Ryan Coogler’s new movie Sinners is set in 1932. This means that its characters, including twin brothers nicknamed Smoke and Stack (both played by Michael B. Jordan), might well have had the chance to see the movie Dracula, which was released the year before. It’s possible that Smoke and Stack would have been too busy working for Chicago gangsters to catch a movie; then again, John Dillinger died a couple of years later just outside a movie theater, so who knows. But when Smoke and Stack encounter a group of vampires later in the film, it’s Smoke’s former love Annie (Wunmi Mosaku), more connected to both religion and mysticism, who’s up on the lore: sunlight, stakes to the heart, maybe garlic.
Though the vampire figures who show up at the doors of the juke joint in Sinners have a ringleader, they present themselves as a collective – a hive mind thirsty to collect more souls, preaching a kind of equality amongst the damned. That is to say, they’re more of an army than the seductive loneliness seen in Dracula and its variations like Nosferatu. For those vampires, turning their victims seems secondary to draining them; sometimes impossible, even. Sinners follow a different tradition, of the vampire siege movie.
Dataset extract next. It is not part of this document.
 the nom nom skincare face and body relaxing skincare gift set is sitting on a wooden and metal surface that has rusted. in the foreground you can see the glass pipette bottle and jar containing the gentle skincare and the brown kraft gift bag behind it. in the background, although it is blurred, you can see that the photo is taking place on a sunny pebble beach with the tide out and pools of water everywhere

In some ways, the vampire siege picture is something of a utilitarian solution to the problem of how difficult it is to top Dracula – or make a Dracula-like figure scary after so many versions have graced the screen over the years. Unlike the Wolf Man or the Invisible Man, two of his eventual frenemies in the Universal Monsters series of the 1930s through the 1950s, Dracula is a specific person, his identity forever entwined with his monstrous status. The Wolf Man in the Universal series is usually Lawrence Talbot, true, but Talbot isn’t the final word on werewolfism, nor was he even the first at this particular studio; Universal did a werewolf movie called Werewolf of London in its early monster days, before The Wolf Man, while they didn’t do much in the way of non-Dracula vampire movies. For years, even as movie vampires branched beyond the Count, he towered above the others in his iconography.
The idea of a whole mess of vampires, rather than a figure of singular, Drac-like evil, seemed to gain more traction in the wake of George Romero’s zombie movies, which often feature human beings holed up in a western-style outpost. It stands to reason that vampires would make stronger opponents for this kind of stand-off; zombies may be relentless and inexorable, but they also can’t really strategize. Vampires, on the other hand, can be crafty in groups, a differently shaped form of manipulation than the solo Dracula model. The Stephen King book Salem’s Lot (adapted into a TV miniseries as well as a recent, quite bad feature version) uses a vampire collective, and The Lost Boys riffs on that a bit with its teenage vamp gang and “head vampire.”
But a pair of later vampire movies took the vampire siege closer to Assault on Precinct 13 territory, and feel like a stronger influence on what Sinners is up to, at least logistically. 30 Days of Night, from 2007, has elements of both zombie movies and alien movies, forcing a group of humans to contend with vamps who invite a small Alaskan town embarking on a thirty-day period without a sunrise. (The vampires are sort of like the aliens in Pitch Black, which themselves are knocked off from Aliens.) Even closer to Sinners is From Dusk Till Dawn, a Robert Rodriguez/Quentin Tarantino where a pair of criminal brothers happen upon a Mexican roadhouse that’s secretly a vampire-run trap for unwitting truckers and travelers. As in Sinners, a small group of humans with their backs to the wall must try to survive the night.
Sinners takes the vampire-siege movie in a new direction by emphasizing the cultural togetherness that the vampires encroach upon. In a non-monster movie like John Carpenter’s Assault on Precinct 13, the bad guys are attacking a government-sanctioned facility; in Dawn of the Dead, backing humanity into mall survival functions as a dark joke, practically a ritual humiliation. In From Dusk Till Dawn, fair play or not, it’s the vamps’ territory that humans stumble into. Even 30 Days of Night, while technically an invasion, involves a perfect vampire feeding ground. The juke joint in Sinners, though, has just been spruced up and reclaimed for the Black community. Though the vampires are specifically not a one-to-one analog to a Ku Klux Klan type of hate group—the Klan rears its ugly head separately—they’re definitely encroaching on another group’s Jim Crow-era attempt to establish space for themselves.
And unlike Dracula-style vampire stories, vampire-siege movies place more emphasis on the zombie-like “turning” of victims, recruiting them into an undead army that’s typically more purposeful than the shuffling, mindless zombie masses. That factor makes Sinners more thought-provoking than a simple white-vampires-versus-Black-humans allegory; the movie feels like it’s addressing the knotty idea of American assimilation, while past vampire-related allegories have treated them (quite imperfectly) as aligned with minority groups, rather than a multiracial coalition.
Without giving too much away, Sinners also utilizes a typical vampire-siege reversal of the attempt to defeat evil. In many versions of Dracula, a group of men band together and combine forces in an attempt to stop him; movies about vampire groups almost always amount to the many making underdogs of the few, with the standard gathering of makeshift weapons. Even as they try to puff themselves up into vampire hunters, the humans are unavoidably the hunted, and the best strategy is to outlast, rather than out-muscle. Sinners makes that resilience part of its historical context. Almost inevitably, vampire-siege movies end with at least a few survivors; Coogler uses those slim odds to illustrate a grim and less supernatural form of miracle.